Most of OpenAI’s employees have threatened to resign and follow ousted leader Sam Altman to Microsoft Corp. unless the current board resigns, leaving the future of the high-profile artificial intelligence startup increasingly uncertain.
A letter signed by about 600 of the artificial intelligence startup’s roughly 770 employees on Monday states that the signatories are “unable to work for or with people that lack competence, judgment and care for our mission and employees.”
After a tumultuous weekend that kicked off with Altman being abruptly fired by the OpenAI board on Friday, Microsoft, which owns almost half of the startup, brought on Altman and fellow OpenAI co-founder Greg Brockman to lead a new in-house AI research team.

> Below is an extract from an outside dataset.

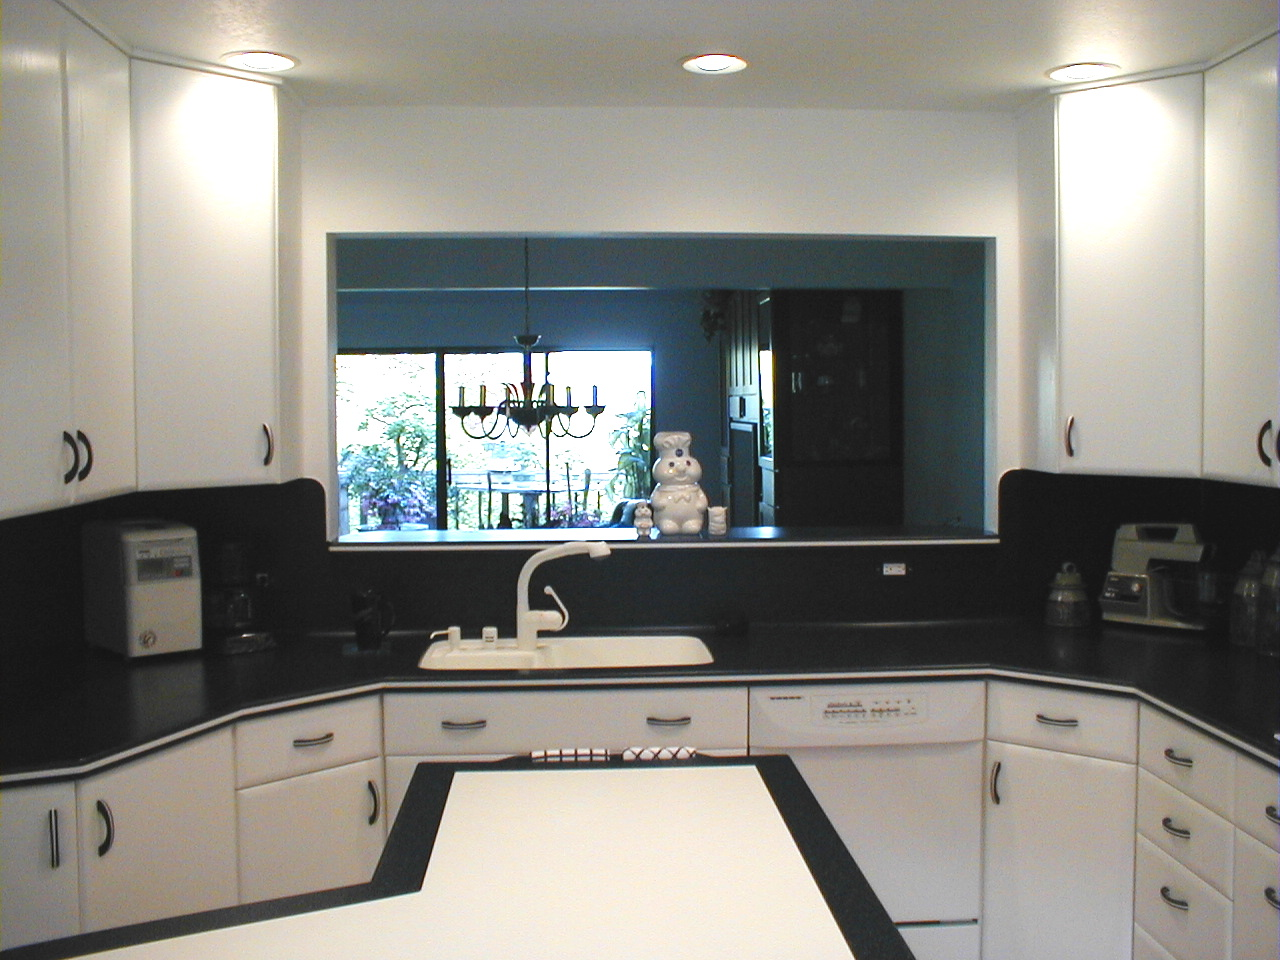 Sink Shelf Kitchen Photo  1  Kitchen Ideas. Dream Kitchen Playset. Grey And Green Kitchen. Kitchen Organization Nashville. Kitchen Tile Youtube. Kitchen Garden Restaurant Mumbai. Brown Gloss Kitchen Units. Kitchen Interior Philippines. Kitchen Hood Operation
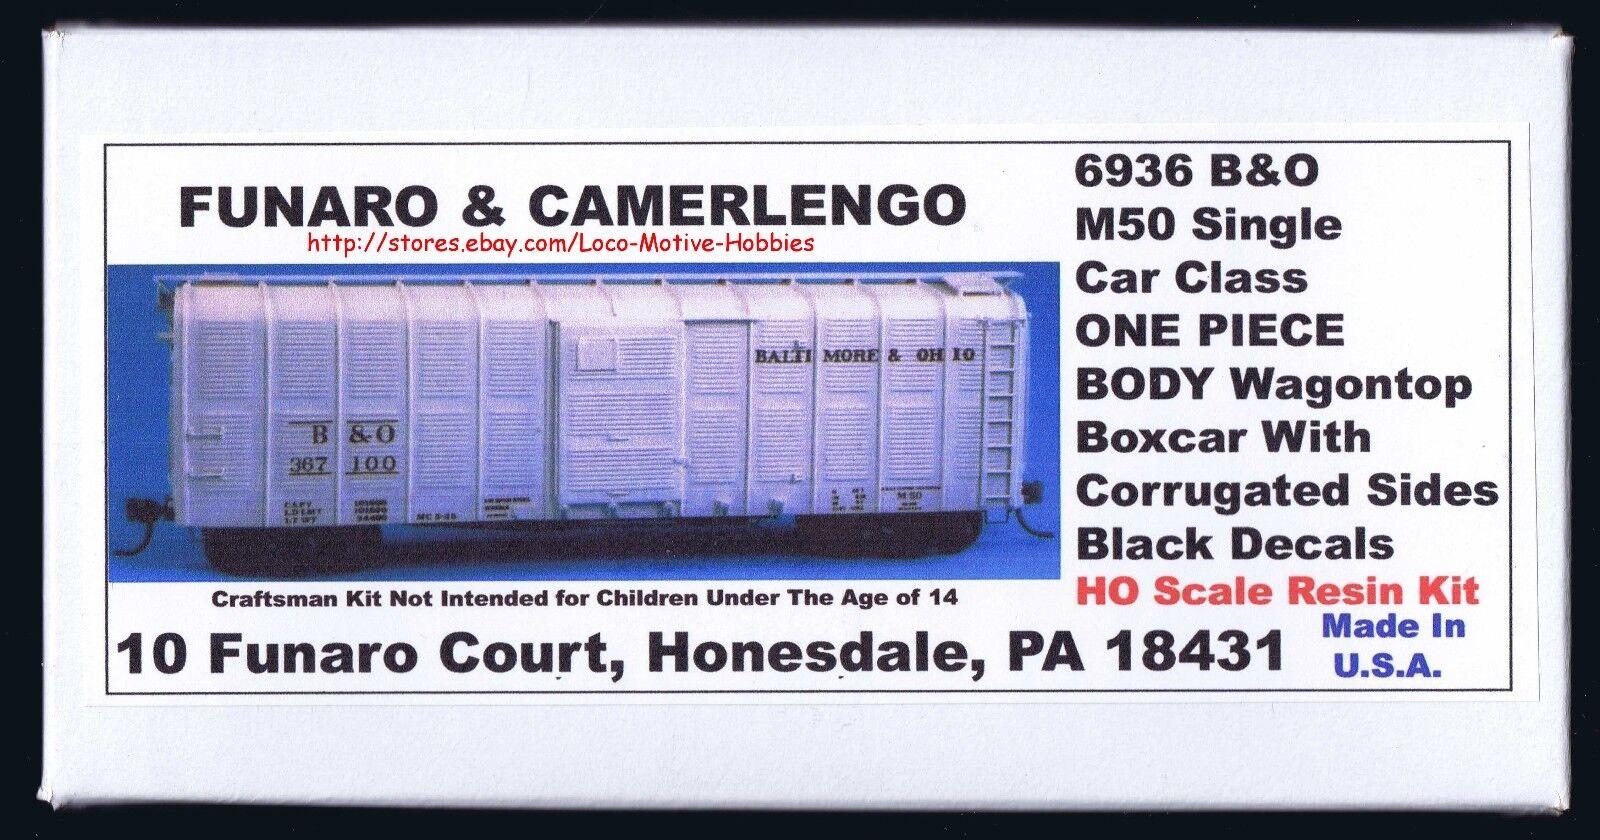 Funaro F&C 6936 BALTIMORE OHIO  WagonTop B&O Corrugated Sheathing Boxcar 1-PIECE

“Microsoft has assured us that there are positions for all OpenAI employees at this new subsidiary should we choose to join,” employees wrote in the letter.
The shakeup will reshape the world of artificial intelligence. OpenAI — creator of the hugely popular ChatGPT app that propelled generative AI into the mainstream with Altman as its figurehead — has been at the center of the fast-moving technology. At the heart of the issue is whether AI should be a commercial opportunity or is a potentially dangerous technology that needs to be checked and scrutinized at every turn.
Altman’s ouster from the company he co-founded leaves OpenAI in turmoil. Thrive Capital had been expected to lead an offer for employee shares, a deal that would value OpenAI at $86 billion. As of this weekend, the firm had not yet wired the money, and it told OpenAI that Altman’s departure would affect its actions.
Some investors were considering writing down the value of their OpenAI holdings to zero, according to a person familiar with the discussions. The potential move, which would make it more difficult for the company to raise additional funds, seemed designed to pressure the board to resign and bring Altman back.
Also in the balance was a second tender planned for early 2024 which would have given early stage investors a chance to get some liquidity on their shares, the people said. As recently as last week, blocks of OpenAI’s private shares were being offered that valued OpenAI in excess of $100 billion. That market dried up on Friday after news broke that Altman had been dismissed by the board, leaving hundreds of millions of dollars of private transactions pending.
Ilya Sutskever, a board member who has been seen as instrumental in the board’s actions, in a tweet Monday said he regrets his participation in the perceived coup.
The letter from employees is endorsed by OpenAI Chief Technology Officer (and briefly interim CEO) Mira Murati. It follows a spate of posts on X, formerly Twitter, by OpenAI staffers with the words “OpenAI is nothing without its people,” which seemed to signal solidarity with the ousted Altman and Brockman.
Wired previously reported on the employee letter.
Altman‘s firing came as a surprise to OpenAI’s workers, the letter said, as well as to Microsoft, the startup’s biggest shareholder and closest technology partner. A coalition of powerful investors, company leaders and the world’s largest software company tried to get Altman reinstated, to no avail.
Late Sunday, the company’s four-person board instead appointed Emmett Shear, co-founder and former CEO of game-streaming website Twitch. Shear, who became OpenAI’s second interim chief executive in three days, won over the directors because of his past recognition of the threats that AI presents, a person familiar with the matter said, asking to remain anonymous to discuss the private deliberations.
Shear is a well-regarded technologist and computer scientist who’s long advocated a more cautious approach to AI. He set out the priorities for his first 30 days in charge in a post on X, promising to reform the leadership team and hire an independent investigator to look into the circumstances of Altman’s termination. That was apparently not enough to assuage employees from issuing their board ultimatum. Shear didn’t immediately respond to a request for comment.